Кошусь на окно. Что-то подсознание мне подсказывает со вчерашнего дня, только сейчас доходит: воздушных боёв в минском небе нет. Не орёт сирена воздушной тревоги, не взрываются бомбы и сбитые самолёты. Хм-м, не до Минска вдруг стало немецким фашистам.

— Товарищ комиссар, что у нас с наглядной агитацией?

— Завтра к обеду будет всё готово, — докладывает Фоминых, — и Дмитрий Григорич, вам бы по радио выступить.

— Выступлю, — речь-то я толкну. Хотелось бы дождаться конца окружения, только всегда будет чего-то хотеться. Мне есть, что сказать и без завершённого окружения…

19 сентября, пятница, время 00:45.

Небо надо Берлином. Павел Рычагов.

Мы почти на месте! Главное гнездо и центр тёмной силы, хлынувшей в мою страну. Жаль, что мы не можем срубить главную голову этого дракона за один раз. Только шкуру подпалим. И не дракон это, гидра с отрастающими головами. Сейчас мы ей маковку причешем…

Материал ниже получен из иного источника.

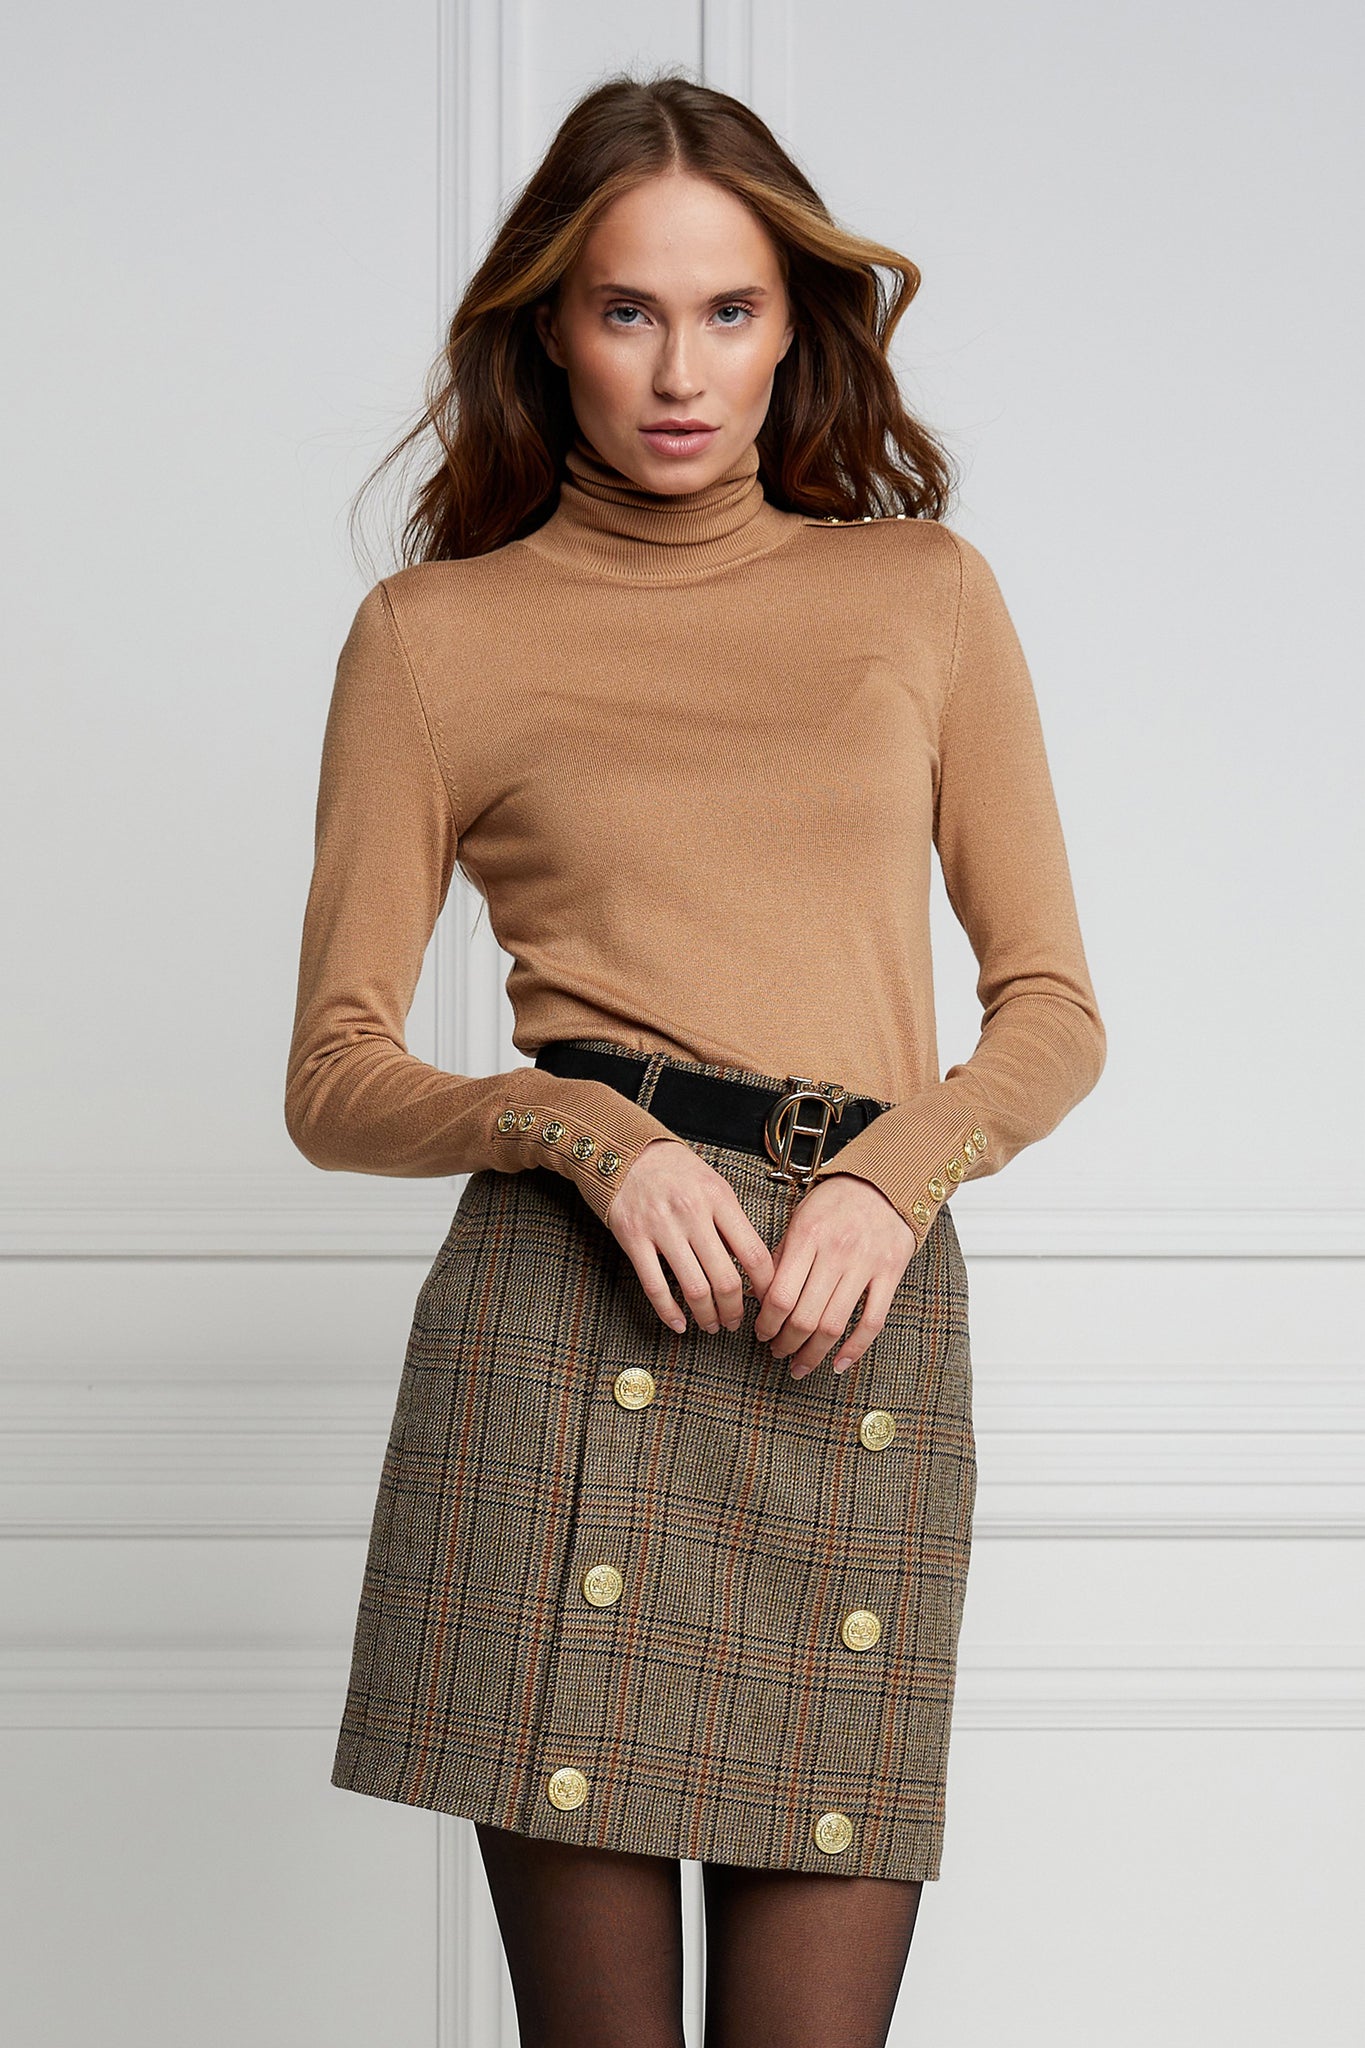 womens wool pencil mini skirt in green and red tweed check with concealed zip fastening on centre back and gold rivets down front

Никакая самая жёсткая светомаскировка не может полностью скрыть город такого размера. Огонёк папиросы, горящие фары автомобилей, отблеск лунного света от водной поверхности, — Берлин окружён каналами, — к этому сейчас добавим осветительные бомбы и пламя пожаров. Разберёмся.

По плану бомбим пригороды и одно место в центре. В пригородах заводы и аэродромы, в центре… а в центре — правительственный квартал! И есть специальные бомбы, бумажные.

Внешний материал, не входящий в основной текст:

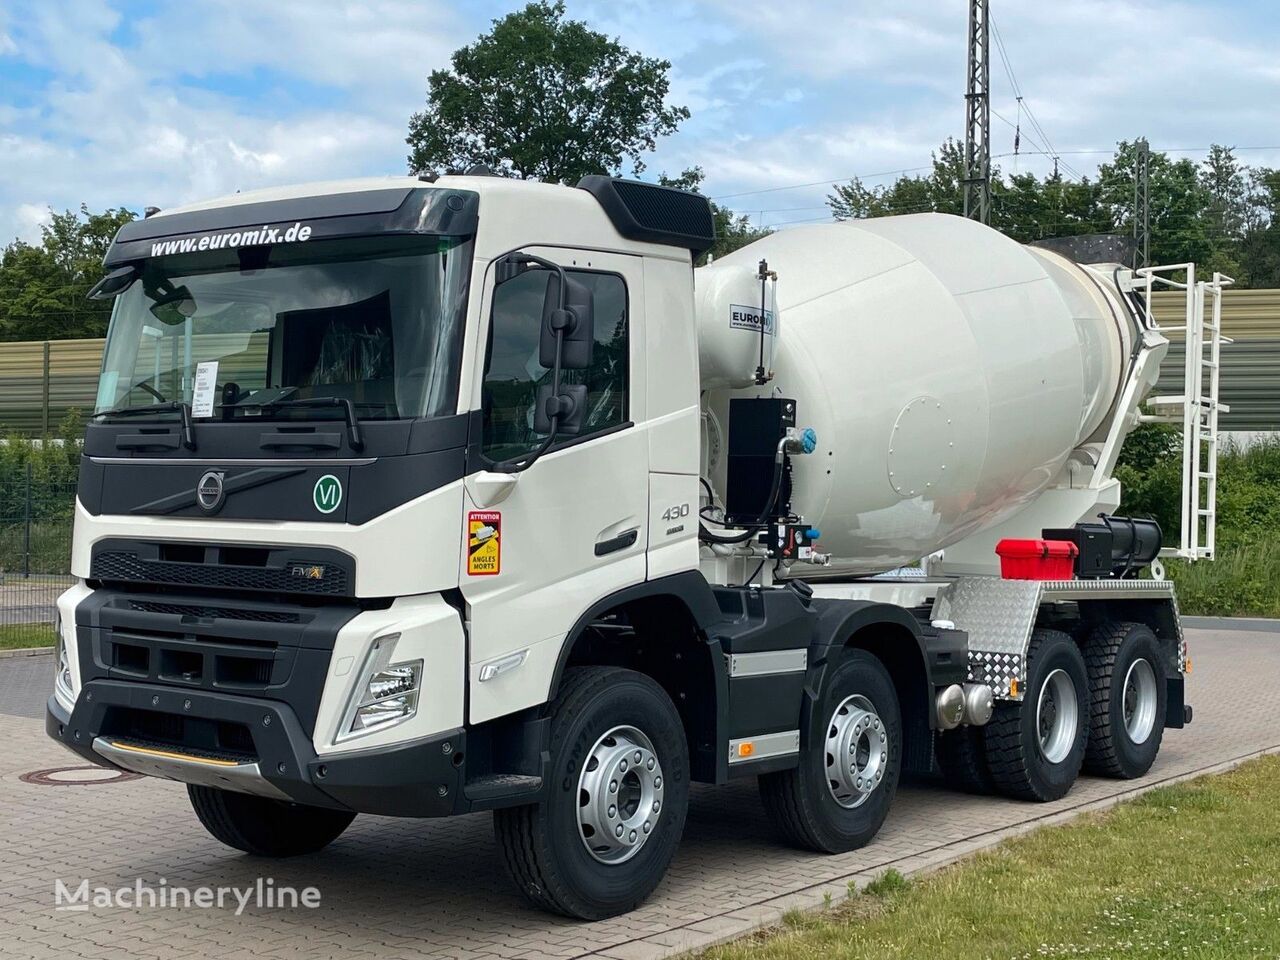 new Euromix MTP  on chassis Volvo FMX 430  concrete mixer truck

Три самолёта отделяются и уходят вправо, охватывая город с севера. Два — с юга. Три больше, чем два, поэтому, приказав лётчику отстать на пару километров от замыкающего, следую за тройкой. Далеко, да ещё ночь, поэтому не вижу, как из самолётов, растянувшихся километров на десять, высыпаются бомбы.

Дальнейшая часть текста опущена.